The records below should be written out again, exactly.

···

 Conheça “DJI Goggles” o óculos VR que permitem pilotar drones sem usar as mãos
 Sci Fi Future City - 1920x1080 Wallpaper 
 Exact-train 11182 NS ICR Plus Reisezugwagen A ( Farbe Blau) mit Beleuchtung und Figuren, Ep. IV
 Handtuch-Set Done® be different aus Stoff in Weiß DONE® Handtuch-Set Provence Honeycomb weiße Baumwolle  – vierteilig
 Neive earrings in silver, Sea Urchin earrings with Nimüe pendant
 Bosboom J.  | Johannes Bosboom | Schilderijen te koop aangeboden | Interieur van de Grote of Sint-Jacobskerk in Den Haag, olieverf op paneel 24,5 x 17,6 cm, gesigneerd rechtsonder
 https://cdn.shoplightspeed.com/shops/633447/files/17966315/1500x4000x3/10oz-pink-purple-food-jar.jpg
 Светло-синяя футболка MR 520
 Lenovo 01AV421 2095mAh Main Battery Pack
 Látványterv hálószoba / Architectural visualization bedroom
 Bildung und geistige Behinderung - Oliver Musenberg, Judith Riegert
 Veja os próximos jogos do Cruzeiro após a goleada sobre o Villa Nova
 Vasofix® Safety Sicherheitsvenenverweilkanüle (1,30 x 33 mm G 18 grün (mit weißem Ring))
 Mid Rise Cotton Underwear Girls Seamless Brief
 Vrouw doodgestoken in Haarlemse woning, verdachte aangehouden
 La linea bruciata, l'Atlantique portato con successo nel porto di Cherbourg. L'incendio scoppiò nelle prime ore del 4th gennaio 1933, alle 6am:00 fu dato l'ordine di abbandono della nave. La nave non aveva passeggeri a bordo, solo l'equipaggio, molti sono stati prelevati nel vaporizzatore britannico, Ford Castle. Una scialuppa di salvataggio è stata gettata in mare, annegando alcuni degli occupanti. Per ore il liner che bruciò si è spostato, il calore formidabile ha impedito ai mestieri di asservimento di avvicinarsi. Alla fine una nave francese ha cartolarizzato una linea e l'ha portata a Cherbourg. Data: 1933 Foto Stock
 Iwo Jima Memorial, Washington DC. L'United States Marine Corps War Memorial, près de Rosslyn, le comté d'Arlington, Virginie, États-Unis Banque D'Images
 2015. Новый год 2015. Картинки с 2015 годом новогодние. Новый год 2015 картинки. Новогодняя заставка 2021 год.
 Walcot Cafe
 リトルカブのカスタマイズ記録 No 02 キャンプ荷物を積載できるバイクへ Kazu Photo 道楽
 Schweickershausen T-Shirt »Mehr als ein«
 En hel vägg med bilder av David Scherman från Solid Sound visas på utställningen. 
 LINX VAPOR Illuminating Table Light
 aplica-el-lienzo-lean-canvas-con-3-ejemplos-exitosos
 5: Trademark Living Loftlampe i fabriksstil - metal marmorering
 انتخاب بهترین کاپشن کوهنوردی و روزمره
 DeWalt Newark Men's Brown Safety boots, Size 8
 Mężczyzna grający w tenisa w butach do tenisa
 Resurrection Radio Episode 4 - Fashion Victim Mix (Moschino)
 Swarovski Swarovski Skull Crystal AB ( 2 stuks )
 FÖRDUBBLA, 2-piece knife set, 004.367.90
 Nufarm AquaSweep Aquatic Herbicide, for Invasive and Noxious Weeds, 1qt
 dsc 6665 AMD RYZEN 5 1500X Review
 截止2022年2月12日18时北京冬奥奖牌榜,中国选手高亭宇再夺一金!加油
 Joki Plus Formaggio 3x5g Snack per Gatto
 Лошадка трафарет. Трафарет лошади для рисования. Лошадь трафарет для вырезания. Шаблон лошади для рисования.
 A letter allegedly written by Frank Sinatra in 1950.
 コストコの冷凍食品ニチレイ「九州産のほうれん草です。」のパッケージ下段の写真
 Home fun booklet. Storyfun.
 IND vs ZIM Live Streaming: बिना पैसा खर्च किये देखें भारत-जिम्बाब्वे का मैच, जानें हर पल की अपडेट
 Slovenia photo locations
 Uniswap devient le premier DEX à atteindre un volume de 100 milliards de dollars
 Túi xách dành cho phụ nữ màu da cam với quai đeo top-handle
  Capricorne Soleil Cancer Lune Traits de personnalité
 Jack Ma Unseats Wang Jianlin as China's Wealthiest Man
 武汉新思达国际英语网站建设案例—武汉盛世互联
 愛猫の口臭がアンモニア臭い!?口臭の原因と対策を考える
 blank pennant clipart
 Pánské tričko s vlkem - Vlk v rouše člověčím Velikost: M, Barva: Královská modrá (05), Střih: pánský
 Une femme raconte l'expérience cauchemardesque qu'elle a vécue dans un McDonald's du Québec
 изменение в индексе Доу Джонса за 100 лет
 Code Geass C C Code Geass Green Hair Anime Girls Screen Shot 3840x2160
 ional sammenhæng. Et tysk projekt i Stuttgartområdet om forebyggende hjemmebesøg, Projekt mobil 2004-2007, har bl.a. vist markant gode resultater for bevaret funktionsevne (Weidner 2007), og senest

···

**Completed exercise**.
 Conheça “DJI Goggles” o óculos VR que permitem pilotar drones sem usar as mãos
 Sci Fi Future City - 1920x1080 Wallpaper 
 Exact-train 11182 NS ICR Plus Reisezugwagen A ( Farbe Blau) mit Beleuchtung und Figuren, Ep. IV
 Handtuch-Set Done® be different aus Stoff in Weiß DONE® Handtuch-Set Provence Honeycomb weiße Baumwolle  – vierteilig
 Neive earrings in silver, Sea Urchin earrings with Nimüe pendant
 Bosboom J.  | Johannes Bosboom | Schilderijen te koop aangeboden | Interieur van de Grote of Sint-Jacobskerk in Den Haag, olieverf op paneel 24,5 x 17,6 cm, gesigneerd rechtsonder
 https://cdn.shoplightspeed.com/shops/633447/files/17966315/1500x4000x3/10oz-pink-purple-food-jar.jpg
 Светло-синяя футболка MR 520
 Lenovo 01AV421 2095mAh Main Battery Pack
 Látványterv hálószoba / Architectural visualization bedroom
 Bildung und geistige Behinderung - Oliver Musenberg, Judith Riegert
 Veja os próximos jogos do Cruzeiro após a goleada sobre o Villa Nova
 Vasofix® Safety Sicherheitsvenenverweilkanüle (1,30 x 33 mm G 18 grün (mit weißem Ring))
 Mid Rise Cotton Underwear Girls Seamless Brief
 Vrouw doodgestoken in Haarlemse woning, verdachte aangehouden
 La linea bruciata, l'Atlantique portato con successo nel porto di Cherbourg. L'incendio scoppiò nelle prime ore del 4th gennaio 1933, alle 6am:00 fu dato l'ordine di abbandono della nave. La nave non aveva passeggeri a bordo, solo l'equipaggio, molti sono stati prelevati nel vaporizzatore britannico, Ford Castle. Una scialuppa di salvataggio è stata gettata in mare, annegando alcuni degli occupanti. Per ore il liner che bruciò si è spostato, il calore formidabile ha impedito ai mestieri di asservimento di avvicinarsi. Alla fine una nave francese ha cartolarizzato una linea e l'ha portata a Cherbourg. Data: 1933 Foto Stock
 Iwo Jima Memorial, Washington DC. L'United States Marine Corps War Memorial, près de Rosslyn, le comté d'Arlington, Virginie, États-Unis Banque D'Images
 2015. Новый год 2015. Картинки с 2015 годом новогодние. Новый год 2015 картинки. Новогодняя заставка 2021 год.
 Walcot Cafe
 リトルカブのカスタマイズ記録 No 02 キャンプ荷物を積載できるバイクへ Kazu Photo 道楽
 Schweickershausen T-Shirt »Mehr als ein«
 En hel vägg med bilder av David Scherman från Solid Sound visas på utställningen. 
 LINX VAPOR Illuminating Table Light
 aplica-el-lienzo-lean-canvas-con-3-ejemplos-exitosos
 5: Trademark Living Loftlampe i fabriksstil - metal marmorering
 انتخاب بهترین کاپشن کوهنوردی و روزمره
 DeWalt Newark Men's Brown Safety boots, Size 8
 Mężczyzna grający w tenisa w butach do tenisa
 Resurrection Radio Episode 4 - Fashion Victim Mix (Moschino)
 Swarovski Swarovski Skull Crystal AB ( 2 stuks )
 FÖRDUBBLA, 2-piece knife set, 004.367.90
 Nufarm AquaSweep Aquatic Herbicide, for Invasive and Noxious Weeds, 1qt
 dsc 6665 AMD RYZEN 5 1500X Review
 截止2022年2月12日18时北京冬奥奖牌榜,中国选手高亭宇再夺一金!加油
 Joki Plus Formaggio 3x5g Snack per Gatto
 Лошадка трафарет. Трафарет лошади для рисования. Лошадь трафарет для вырезания. Шаблон лошади для рисования.
 A letter allegedly written by Frank Sinatra in 1950.
 コストコの冷凍食品ニチレイ「九州産のほうれん草です。」のパッケージ下段の写真
 Home fun booklet. Storyfun.
 IND vs ZIM Live Streaming: बिना पैसा खर्च किये देखें भारत-जिम्बाब्वे का मैच, जानें हर पल की अपडेट
 Slovenia photo locations
 Uniswap devient le premier DEX à atteindre un volume de 100 milliards de dollars
 Túi xách dành cho phụ nữ màu da cam với quai đeo top-handle
  Capricorne Soleil Cancer Lune Traits de personnalité
 Jack Ma Unseats Wang Jianlin as China's Wealthiest Man
 武汉新思达国际英语网站建设案例—武汉盛世互联
 愛猫の口臭がアンモニア臭い!?口臭の原因と対策を考える
 blank pennant clipart
 Pánské tričko s vlkem - Vlk v rouše člověčím Velikost: M, Barva: Královská modrá (05), Střih: pánský
 Une femme raconte l'expérience cauchemardesque qu'elle a vécue dans un McDonald's du Québec
 изменение в индексе Доу Джонса за 100 лет
 Code Geass C C Code Geass Green Hair Anime Girls Screen Shot 3840x2160
 ional sammenhæng. Et tysk projekt i Stuttgartområdet om forebyggende hjemmebesøg, Projekt mobil 2004-2007, har bl.a. vist markant gode resultater for bevaret funktionsevne (Weidner 2007), og senest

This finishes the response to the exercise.